Indian right-wing magazine

Swarajya is an English-language Indian right-wing monthly print magazine and news portal. The publication reports favourably on the Bharatiya Janata Party and has published misinformation on many occasions.

R. Jagannathan is the current editorial director. Originally established in 1956 as a weekly under the patronage of C. Rajagopalachari, it shut down in 1980 but was relaunched in September 2014, as a daily news website; a monthly print magazine was launched in January 2015.

== History ==
Swarajya was launched as a weekly magazine in 1956 by journalist Khasa Subba Rao, under the patronage of C. Rajagopalachari, a prominent independence activist and one of the founders of the Swatantra Party.
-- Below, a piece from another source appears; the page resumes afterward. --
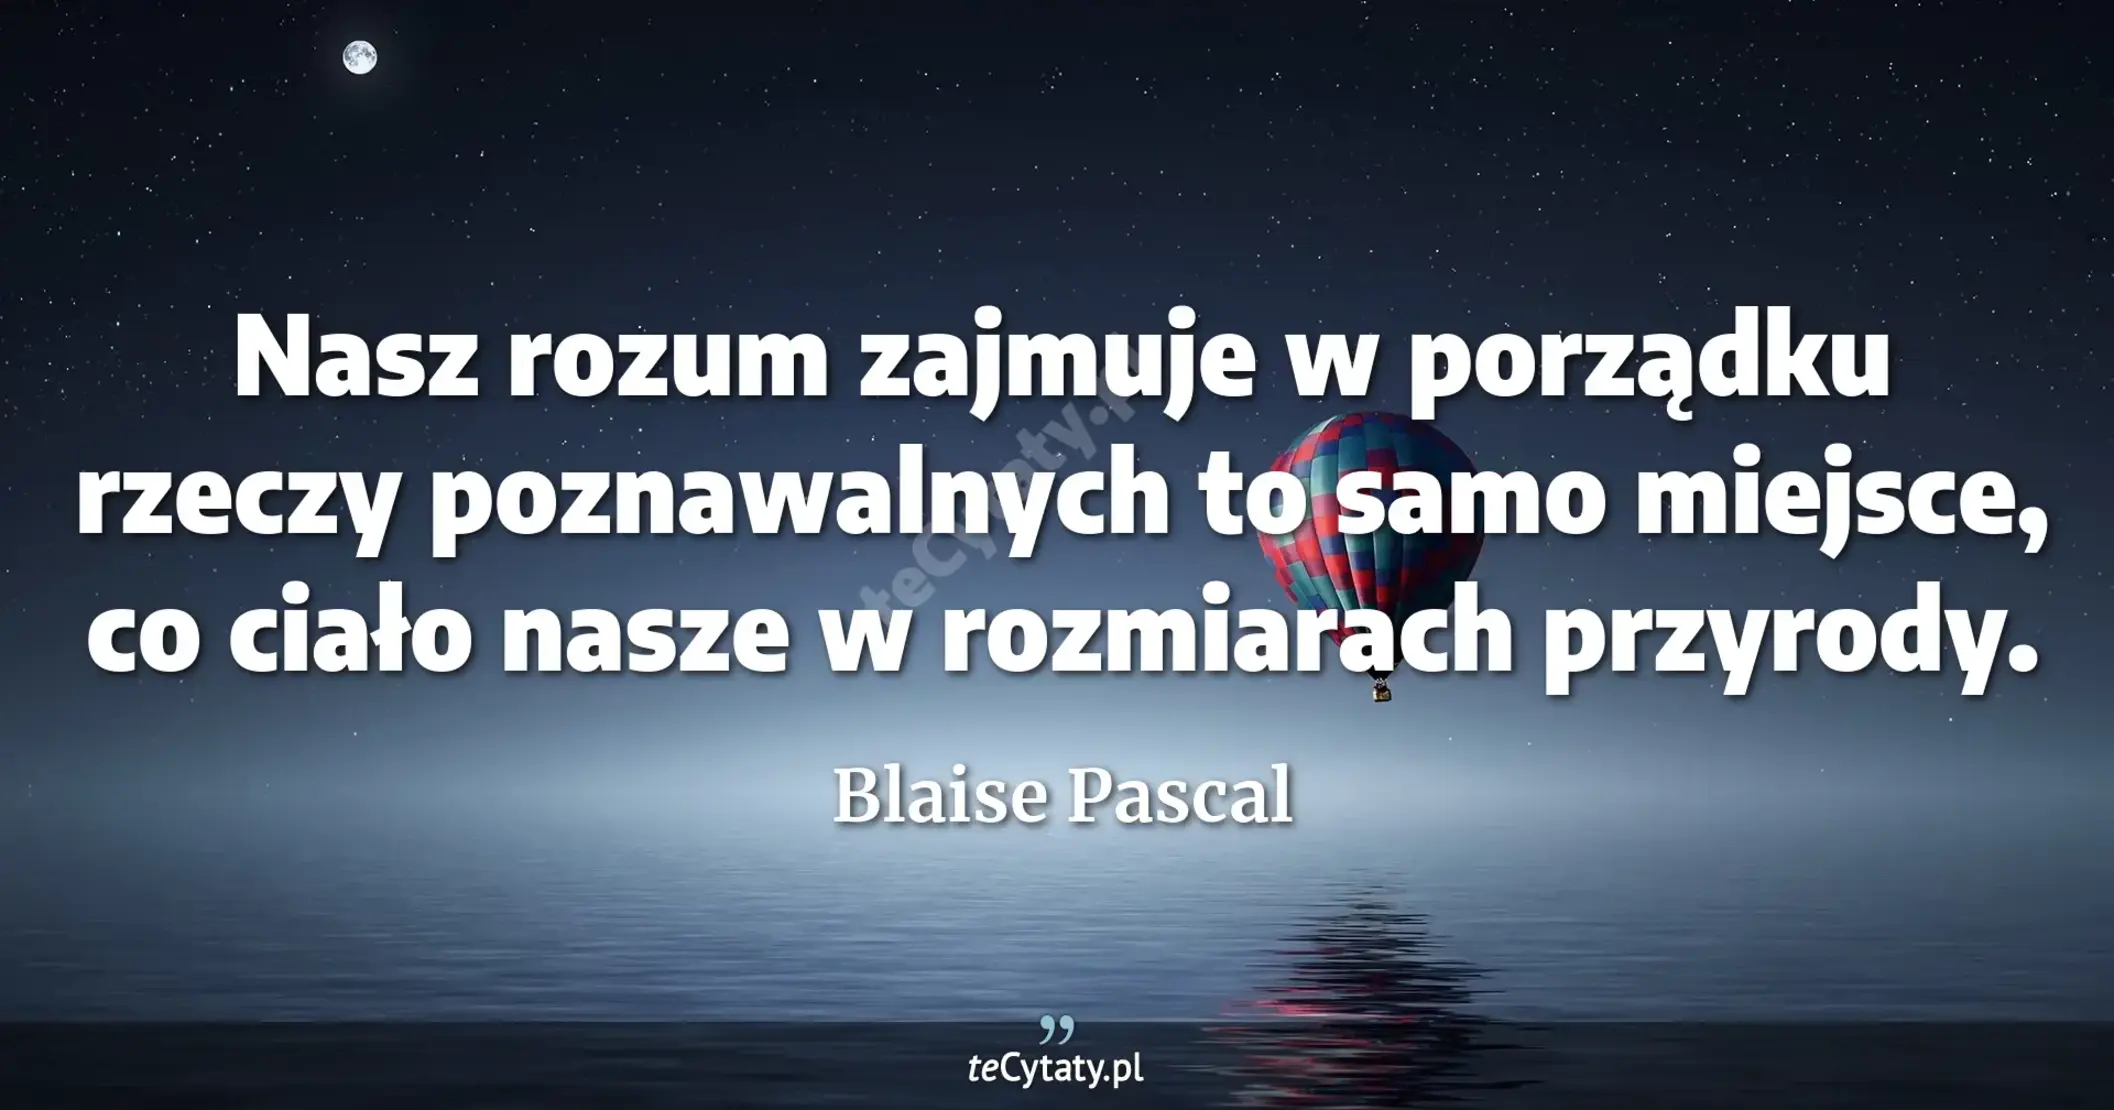 Nasz rozum zajmuje w porządku rzeczy poznawalnych to samo miejsce, co ciało nasze w rozmiarach przyrody. - Blaise Pascal

The magazine strongly advocated individual freedom and freedom of enterprise as against Nehru's socialist policies. Minoo Masani, Ramaswamy Venkataraman, and R. K. Laxman have contributed to the magazine. After Rajagopalachari's death in 1972, the magazine slowly began to decline and eventually closed in 1980.

=== Relaunch in 2014 ===
The magazine was relaunched as an online daily in September 2014, with Sandipan Deb as the Editorial Director; the first edition of the print magazine was launched in January 2015. Coimbatore-based Kovai Media Private Limited purchased the rights to the magazine from Chennai-based Bharathan Publishers, along with 40,000 pages from the earlier editions of the magazine. The magazine describes itself as "a big tent for liberal right of centre discourse".

In October 2016, it acquired OpIndia; in 2018, it became an independent entity. In 2018, Swarajya launched its Hindi edition.

== Reception ==
The website has misreported news on multiple occasions, according to fact-checkers including Alt News and Boom. Columnists working for Swarajya have allegedly engaged in a variety of trolling over Twitter. Journalists working for Swarajya have propagated communally charged fake news via their personal accounts. Swarajya was blacklisted from English Wikipedia in 2020 alongside OpIndia and Hindu nationalist website TFIpost.